Giulio Mattera
Giulio Mattera

Reputation: 1

TypingError: Failed in nopython mode pipeline (step: nopython frontend) Unknown attribute 'shape' of type float32

I am learning to use numba to accelerate codes in Python. With this code:

from numba import cuda, vectorize
import numpy as np

@cuda.jit(device = True)
def pixel_count(img1,img2):
    count1 = 0
    count2 = 0
    for i in range(img1.shape[0]):
        for j in range(img1.shape[1]):
            if img1[i][j] > 200:
                count1 = count1 + 1
    i = 0; j = 0;
    for i in range(img2.shape[0]):
        for j in range(img2.shape[1]):
            if img2[i][j] > 200:
                count2 = count2 + 1
                         
    return count1, count2


@vectorize(['float32(float32,float32)'], target = 'cuda')
def cint(img1, img2):
    c1, c2 = pixel_count(img1, img2)
    res = c1-c2
    return res

A = np.random.rand(480, 640).astype(np.float32)*255
B = np.random.rand(480, 640).astype(np.float32)*255


res = cint(A,B)

I received the following error:

TypingError: No implementation of function Function(<numba.cuda.compiler.DeviceFunctionTemplate object at 0x00000175A5BE8C70>) found for signature: pixel_count (float32, float32) There are 2 candidate implementations: - Of which 2 did not match due to: Overload in function 'pixel_count ': File: ..........\OneDrive\Desktop<ipython-input-33-9169f440975d>: Line 4. With argument(s): '(float32, float32)': Rejected as the implementation raised a specific error: TypingError: Failed in nopython mode pipeline (step: nopython frontend) Unknown attribute 'shape' of type float32

 File "<ipython-input-33-9169f440975d>", line 8:
 def pixel_count(img1,img2):
     <source elided>
     count2 = 0
     for i in range(img1.shape[0]):
     ^
 
 During: typing of get attribute at <ipython-input-33-9169f440975d> (8)
 
 File "<ipython-input-33-9169f440975d>", line 8:
 def pixel_count(img1,img2):
     <source elided>
     count2 = 0
     for i in range(img1.shape[0]):
     ^

raised from C:\Users\giuli\anaconda3\envs\GPUcomp\lib\site-packages\numba\core\typeinfer.py:1071

During: resolving callee type: Function(<numba.cuda.compiler.DeviceFunctionTemplate object at 0x00000175A5BE8C70>) During: typing of call at (3)

EDIT

I changed the code like this using guvectorize:

@guvectorize(['(float32[:],float32[:], float32)'], '(), () -> ()',target = 'cuda')
def cint(img1, img2, res):
    c1, c2 = pixel_count(img1, img2)
    res = c1-c2


A = np.random.rand(480, 640).astype(np.float32)*255
B = np.random.rand(480, 640).astype(np.float32)*255


res = cint(A, B)

With this error:

TypingError: No implementation of function Function(<numba.cuda.compiler.DeviceFunctionTemplate object at 0x000001C99C5D42E0>) found for signature: pixel_count (array(float32, 1d, A), array(float32, 1d, A)) There are 2 candidate implementations:

  • Of which 1 did not match due to: Overload in function 'pixel_count ': File: ..........\OneDrive\Desktop<ipython-input-33-5b0a51c1200a>: Line
  1. With argument(s): '(array(float32, 1d, A), array(float32, 1d, A))': Rejected as the implementation raised a specific error: TypingError: Failed in nopython mode pipeline (step: nopython frontend) Internal error at <numba.core.typeinfer.StaticGetItemConstraint object at 0x000001C99DD239D0>. tuple index out of range During: typing of static-get-item at (9) Enable logging at debug level for details.

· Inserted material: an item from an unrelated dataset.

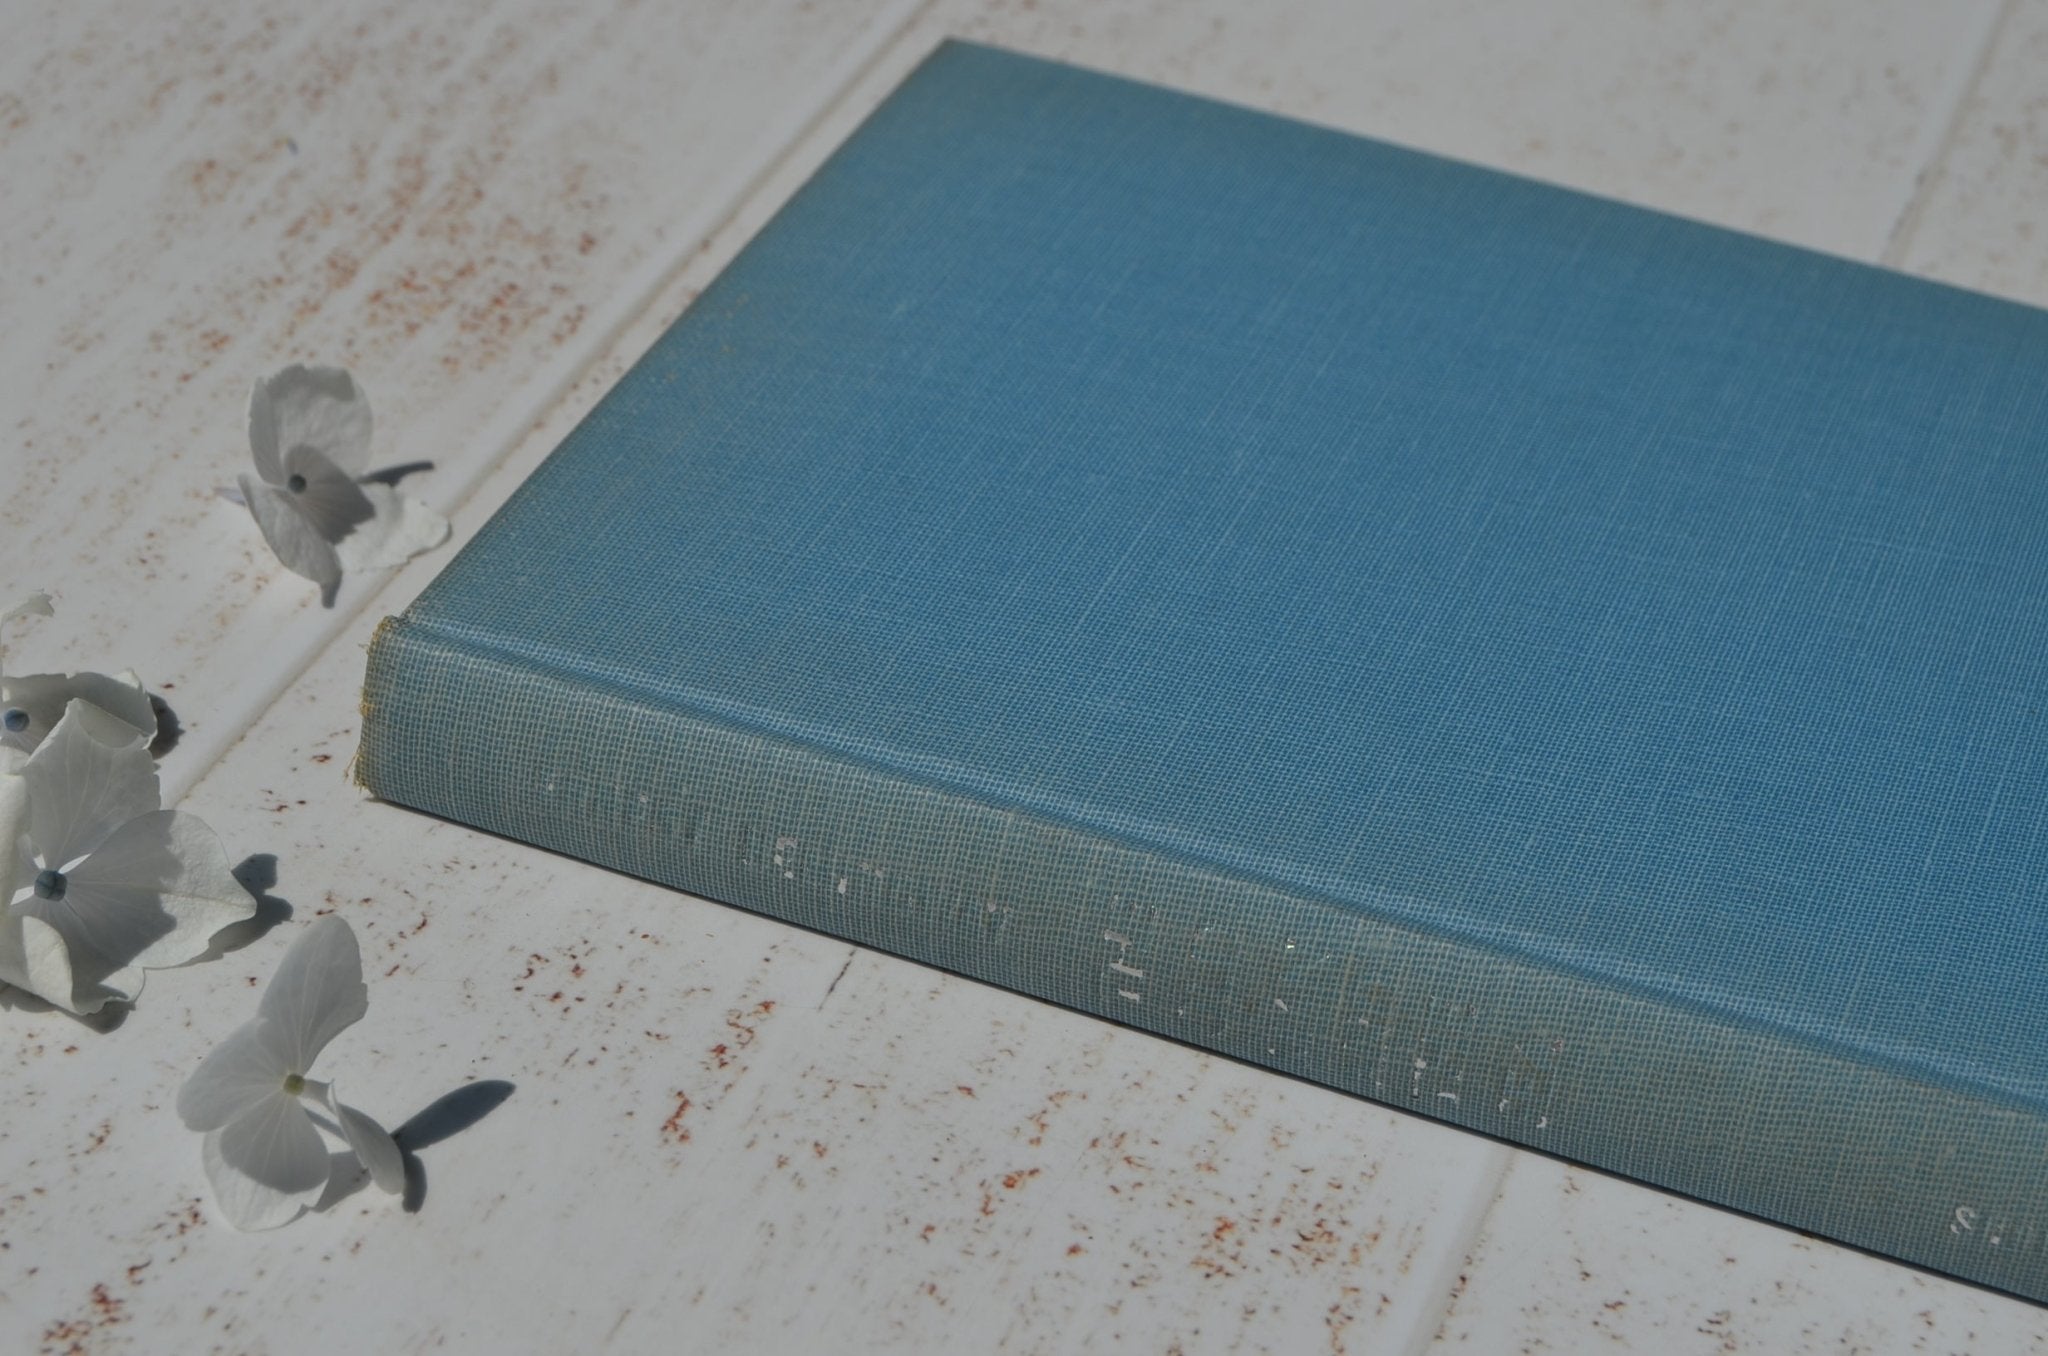 Early Book Club Edition – The Old Man and the Sea by Ernest Hemingway 1952 - Brookfield Books

File "", line 9: def pixel_count(img1,img2): for i in range(img1.shape[0]): for j in range(img1.shape[1]): ^

raised from C:\Users\giuli\anaconda3\envs\GPUcomp\lib\site-packages\numba\core\typeinfer.py:1071

  • Of which 1 did not match due to: Overload in function 'pixel_count ': File: ..........\OneDrive\Desktop<ipython-input-33-5b0a51c1200a>: Line
  1. With argument(s): '(array(float32, 1d, A), array(float32, 1d, A))': Rejected as the implementation raised a specific error: TypingError: Failed in nopython mode pipeline (step: nopython frontend) Internal error at <numba.core.typeinfer.StaticGetItemConstraint object at 0x000001C99DD52370>. tuple index out of range During: typing of static-get-item at (9) Enable logging at debug level for details. File "", line 9: def pixel_count(img1,img2): for i in range(img1.shape[0]): for j in range(img1.shape[1]): ^

raised from C:\Users\giuli\anaconda3\envs\GPUcomp\lib\site-packages\numba\core\typeinfer.py:1071

During: resolving callee type: Function(<numba.cuda.compiler.DeviceFunctionTemplate object at 0x000001C99C5D42E0>) During: typing of call at (23)

How i can use cuda.jit and vectorize/guvectorize function?

EDIT 2

Thank you all for the responses. The goal was to figure out how to solve this task with GPU using numba. Probably the code is faster in CPU being the matrices small size; thank you for the tips on parallel computing very helpful. Do you have any other suggestions on how to port this code to GPU? Thank you very much.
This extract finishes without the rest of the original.